Claim Rejections - 35 USC § 103
The following is a quotation of 35 U.S.C. 103 which forms the basis for all obviousness rejections set forth in this Office action:
A patent for a claimed invention may not be obtained, notwithstanding that the claimed invention is not identically disclosed as set forth in section 102, if the differences between the claimed invention and the prior art are such that the claimed invention as a whole would have been obvious before the effective filing date of the claimed invention to a person having ordinary skill in the art to which the claimed invention pertains. Patentability shall not be negated by the manner in which the invention was made.

Claims 3-5 are rejected under 35 U.S.C. 103 as being unpatentable over Van Heukelom in view of Ostafew (US 20210237769 A1) (Hereinafter referred to as Ostafew) 

Regarding Claim 3, Van Heukelom discloses the determining of the quality measures includes iteratively determining the quality measures in a plurality of iterations (See at least Van Heukelom Paragraphs 0054-0057 and Figure 4, the position and probability of each object is determined for each time step, which is interpreted as iteratively determining the quality measures), wherein each iteration includes a forward pass from an initial time to an end time over a plurality of time steps (See at least Van Heukelom Paragraphs 0054-0057 and Figure 4, the time steps are a forward pass from an initial time to an end time)…
Even though Van Heukelom discloses iteratively determining the quality measures over a plurality of time steps, Van Heukelom fails to discloses each iteration includes… a backward pass from the end time to the initial time over the plurality of time steps.
However, Ostafew discloses a backward pass from the end time to the initial time over the plurality of time steps (See at least Ostafew Paragraphs 0205-0209 and Figure 16, the position of the vehicle is determined by going backwards in time from an end time (t+X) to an initial time (t), which is interpreted as a backward pass).
It would have been obvious to one of ordinary skill to modify the teachings disclosed in Van Heukelom with Ostafew to have the iterations include a backward pass from the end time to the initial time over the plurality of time steps. By using the backward pass from an end time to an initial time, a vehicle can determine where it can clear another vehicle that is heading its way (See at least Ostafew Paragraphs 0205-0209 and Figure 16), which would increase the safety of the system by preventing collisions. 
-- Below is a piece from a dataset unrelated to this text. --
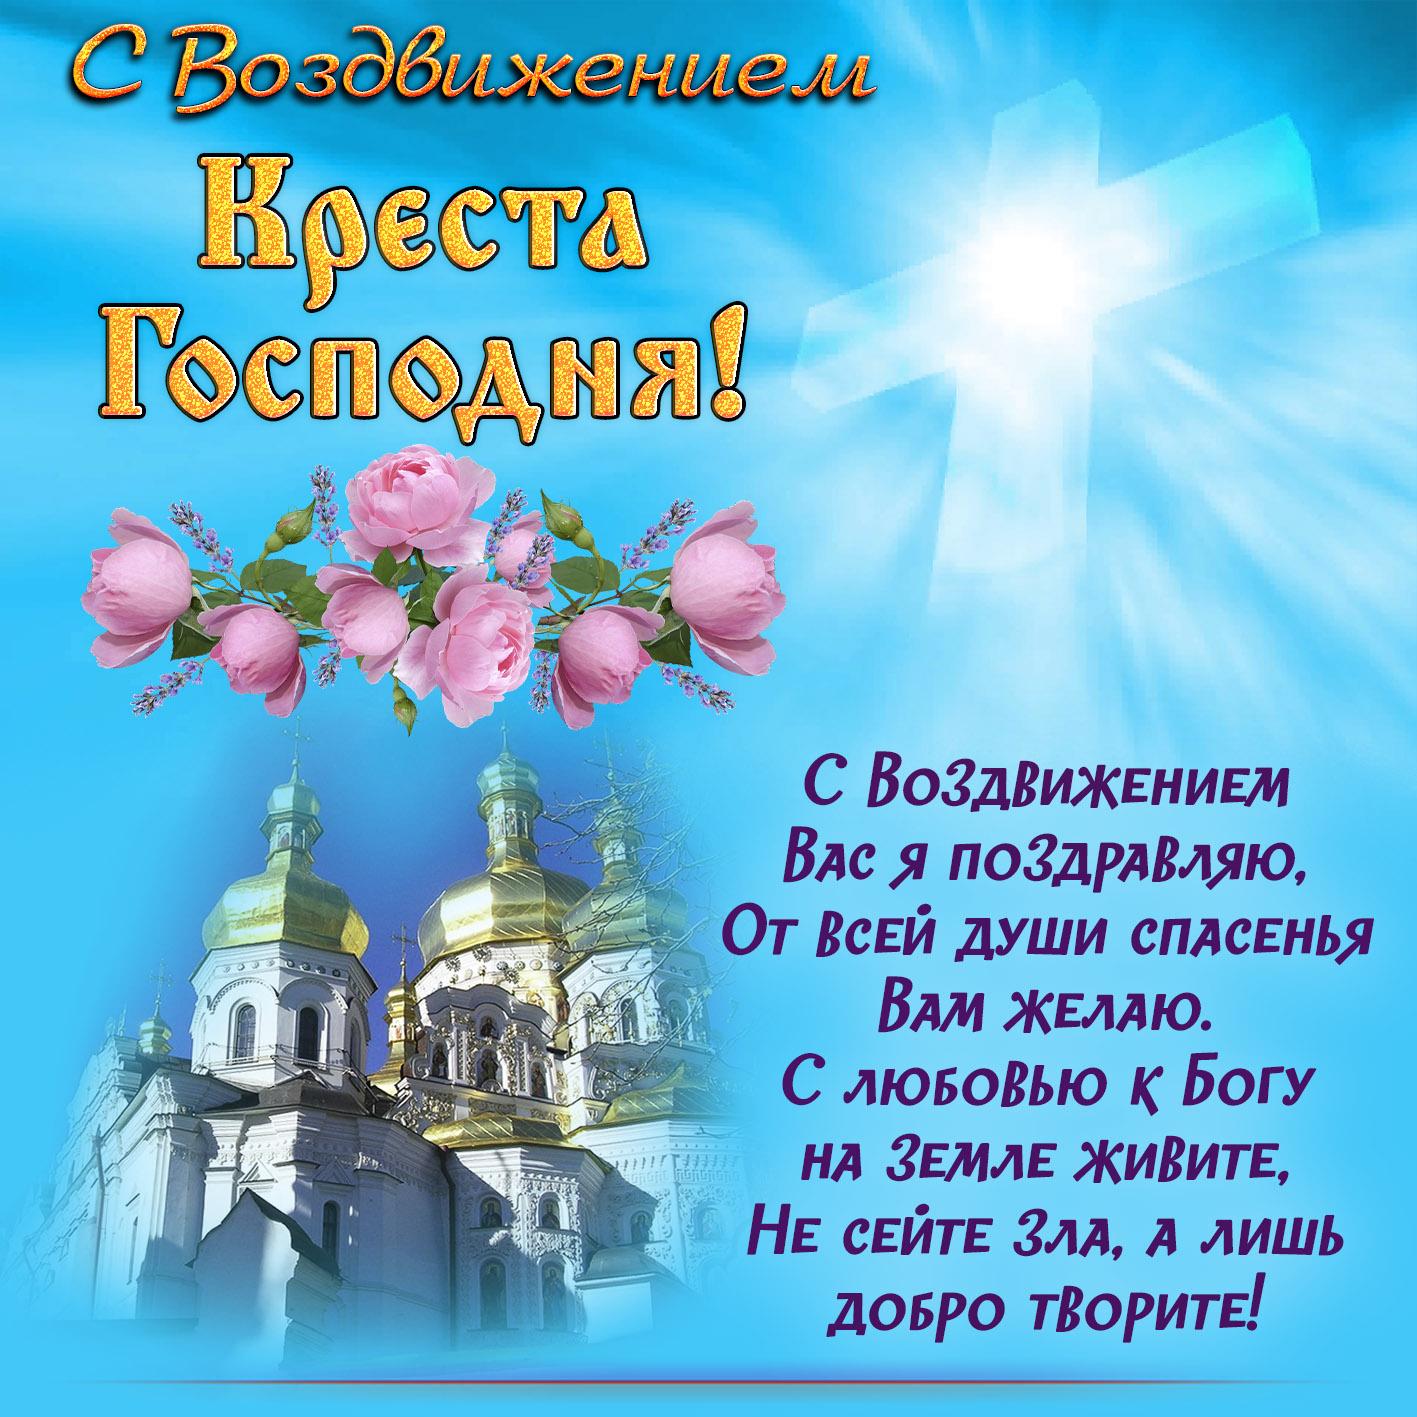 Поздравления с праздником воздвижения креста в картинках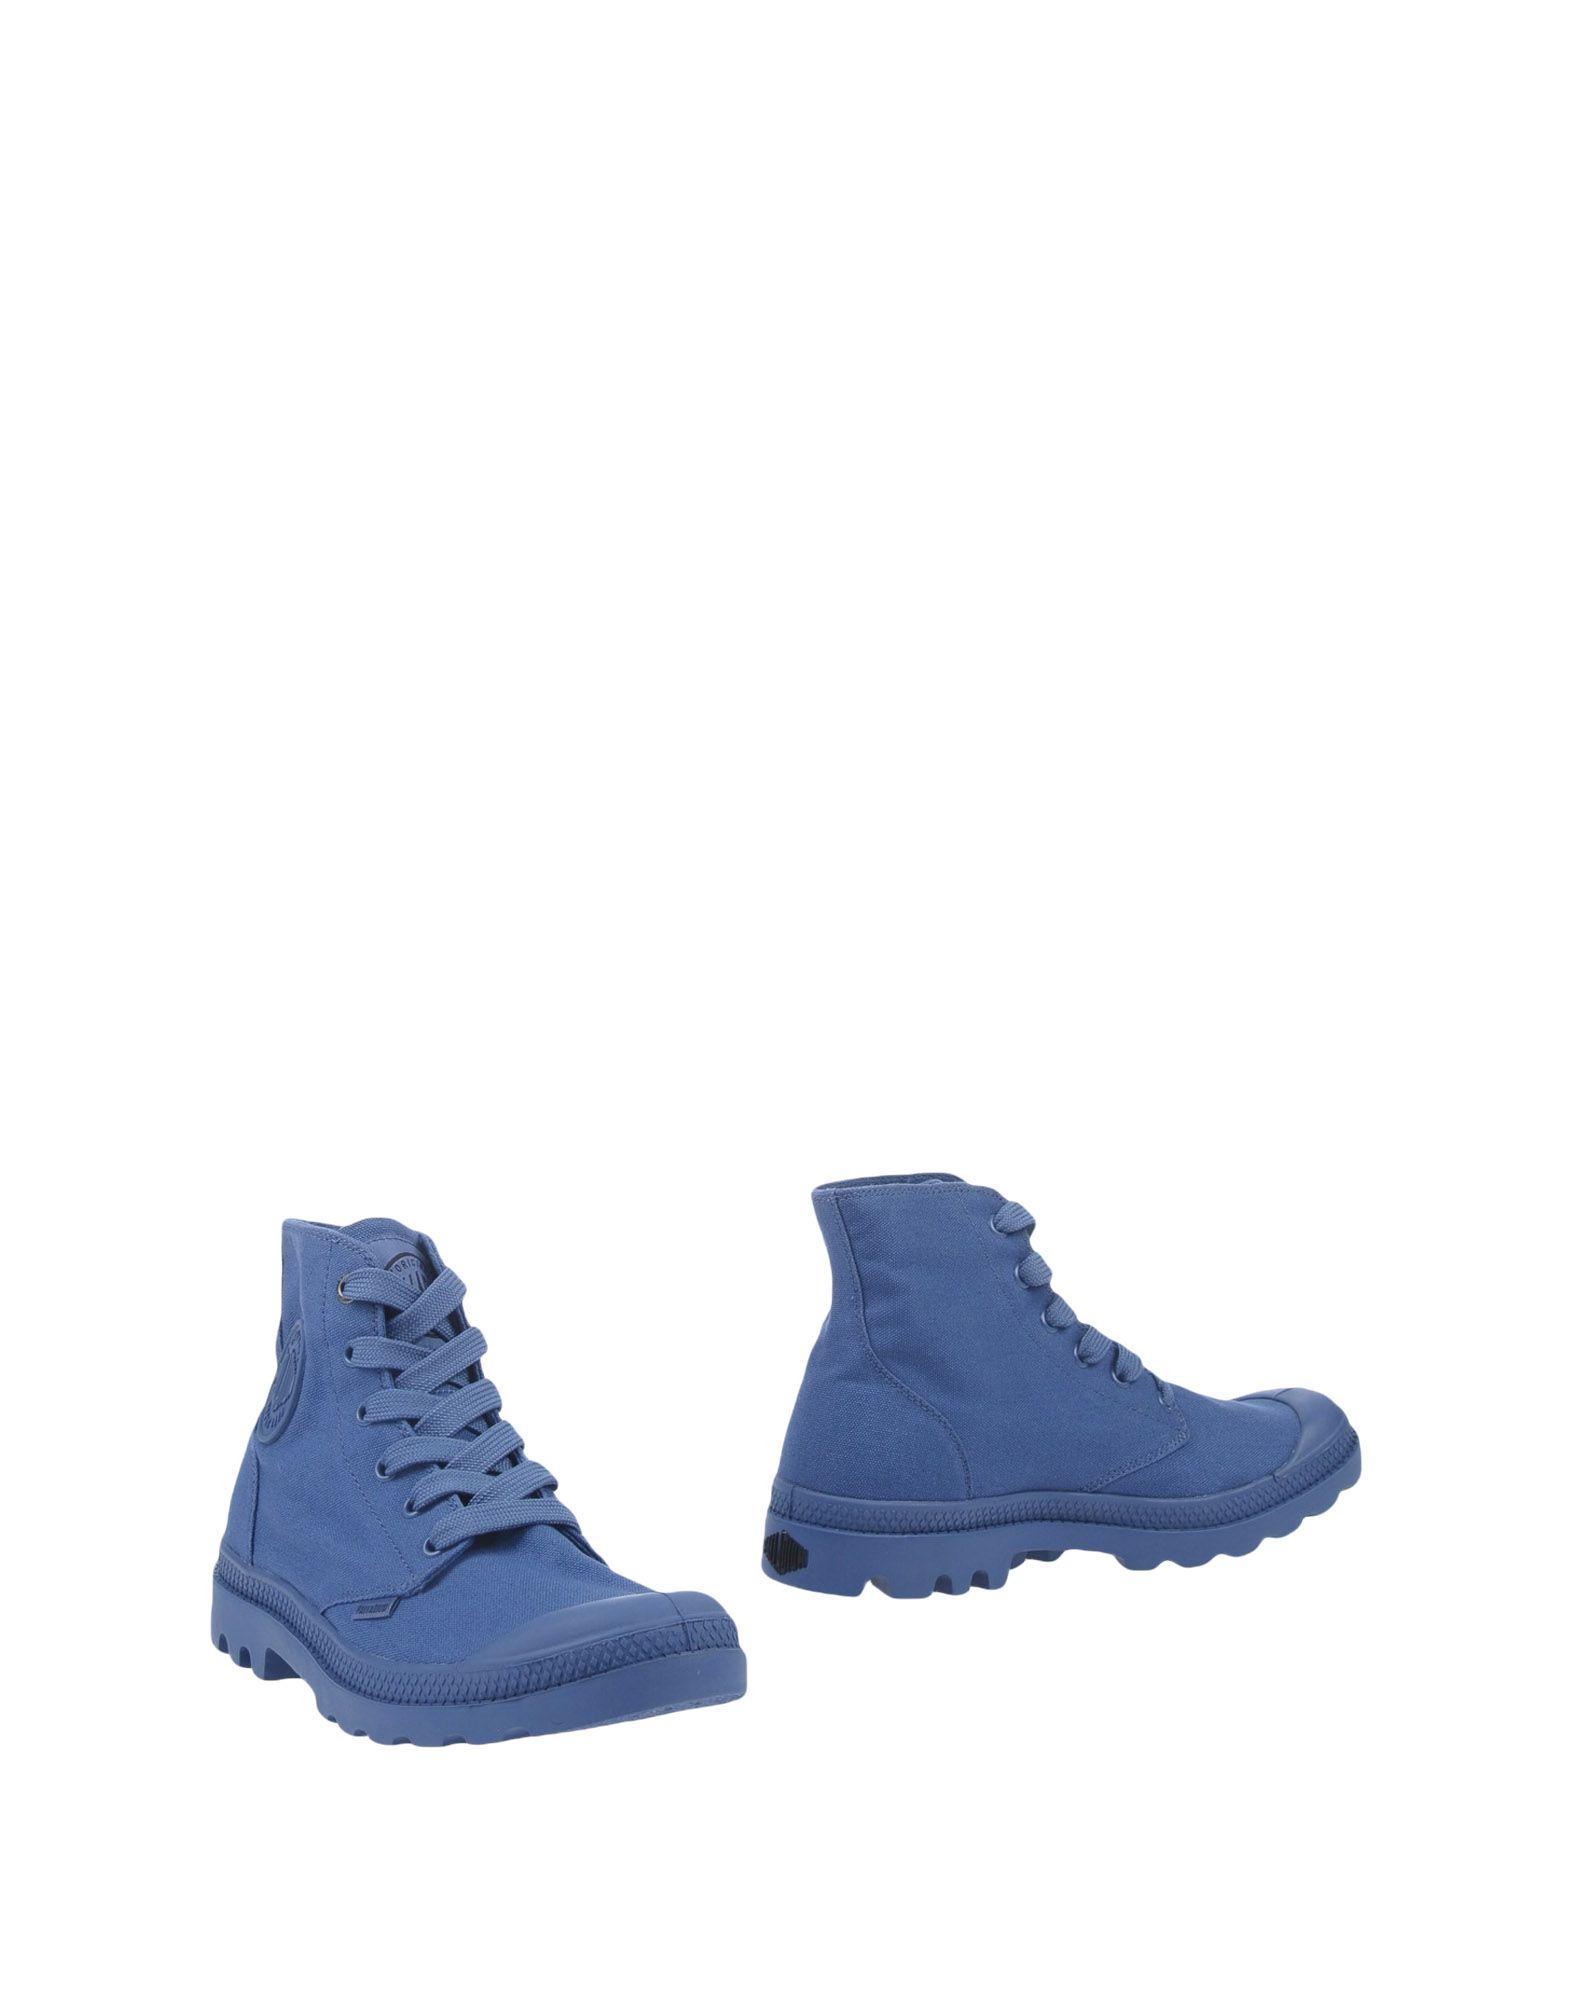 Rabatt Herren echte Schuhe Palladium Stiefelette Herren Rabatt  11312661PV 9fcb54

Regarding Claim 4, Van Heukelom discloses the coupling term is a function of the occupancy measures of the other agents (See at least Van Heukelom Paragraphs 0054-0057 and Figure 4, the occupancy measures of the other agents is determined) and the forward pass includes updating, for each agent, the occupancy measure of a next time step by propagating the occupancy measure of a current time step of an agent using the policy of the agent at the current time step (See at least Van Heukelom Paragraphs 0054-0057 and Figure 4, the occupancy measures of the other agents is determined for each time step starting from the current time step).

	Regarding Claim 5, Van Heukelom discloses the coupling term is a function of the occupancy measures of the other agents (See at least Van Heukelom Paragraphs 0054-0057 and Figure 4, the occupancy measures of the other agents are determined) and…updating, for each agent, the quality measure and policy of the agent (See at least Van Heukelom Paragraphs 0054-0057 and Figure 4, the quality measures and polices of the agents are updated for each time step)…
	Even though Van Heukelom discloses updating the quality measure and policy of each agent, Van Heukelom fails to disclose the backward pass includes updating, for each agent, the quality measure and policy of the agent…at a current time step by using the occupancy measure of the other agents at a next time step.
	However, Ostafew discloses the backward pass includes updating the position and path of each agent at a current time step by using the occupancy measure of the other agents at a next time step (See at least Ostafew Paragraphs 0205-0209 and Figure 16, the backward pass updates the movement action of the agent at a current time step (t) by using the occupancy measures of the other vehicle at a next time step (t+X)).
It would have been obvious to one of ordinary skill to modify the teachings disclosed in Van Heukelom with Ostafew to update, for each agent, the quality measure and policy of the agent at a current time step by using the occupancy measure of the other agents at a next time step. By updating the agent at a current time step by using the occupancy measure of the other agents at a next time step, a vehicle can determine where it can clear another vehicle that is heading its way (See at least Ostafew Paragraphs 0205-0209 and Figure 16), which would increase the safety of the system by preventing collisions. 

Claim 6 is rejected under 35 U.S.C. 103 as being unpatentable over Van Heukelom in view of Palanisamy et al (US 20190278282 A1) (Hereinafter referred to as Palanisamy) 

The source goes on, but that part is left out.